I've finished a run with profiling enabled (and the bug that killed the last one avoided by disabling ForcedPhotCcdTask, the last step in the pipeline, and one often skipped for other reasons).
First off, the profiling overheads appear to significant, unless something else (load, caching) changed under me: the last run took just under 4 hours total, while this one took about 6 hours.
A breakdown from status logging:
- 23m: executing and iterating over rows from the big initial query
- 10m: resolving (finding dataset_ids and runs) for input datasets (almost entirely raws)
- 1h20m: assembling "isr" quanta (includes calibration dataset lookups)
- 1h10m: assembling "charImage" quanta
- 2h: assembling "calibrate" quanta (includes refcat lookups)
- 30m: assembling "makeWarp" quanta
- 5m: assembling quanta for all other tasks combined
And the big news is that the profile (to the extent it can be trusted, given the overheads) says almost all of the time is going into Registry.relateDataIds, which we use to test each Quantum + DatasetRef pair for compatibility while assembling the Quantum.
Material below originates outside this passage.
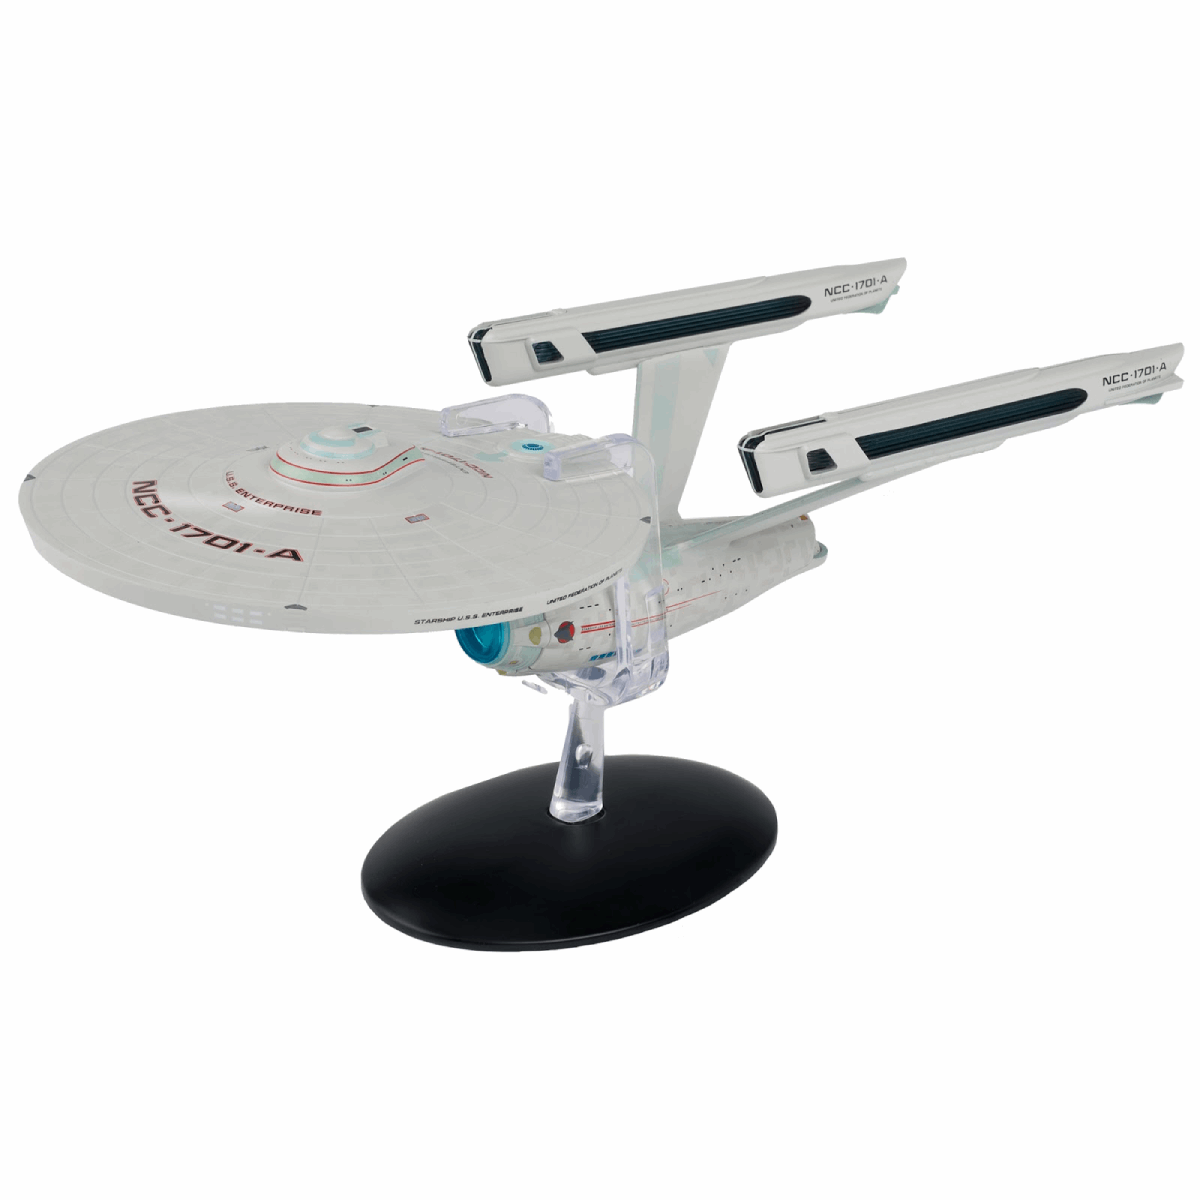 #06 U.S.S. Enterprise NCC-1701-A (Constitution-class refit) XL EDITION Die-cast Model Ship (Eaglemoss / Star Trek)

I think the vastly different amounts of time spent for different tasks just corresponds to the number of such combinations for those tasks (given their DatasetTypes and the number of data IDs for them), and now that I think about it, there's no way that testing scales linearly with the size of the graph - it's got to be more like O(N^2), because the number of tests scales as the product of the number of Quanta and the number of DatasetRefs.
The good news is that I think I see a way to restructure things to avoid calling Registry.relateDataIds (and this O(N^2) behavior) entirely, because the rows of the big initial query tell us everything we need about Quantum + DatasetRef relationships. But that will take some restructuring because we've thrown those rows away by the time we assemble the quanta themselves.
An aside for Nate Lust: I'm a bit worried the design you're implementing on may run into the same scaling problem, or something very much like it. It would be worthwhile to do the thought experiment of walking through all of the steps looking explicitly any whose number scales as the product of the number of two kinds of data IDs.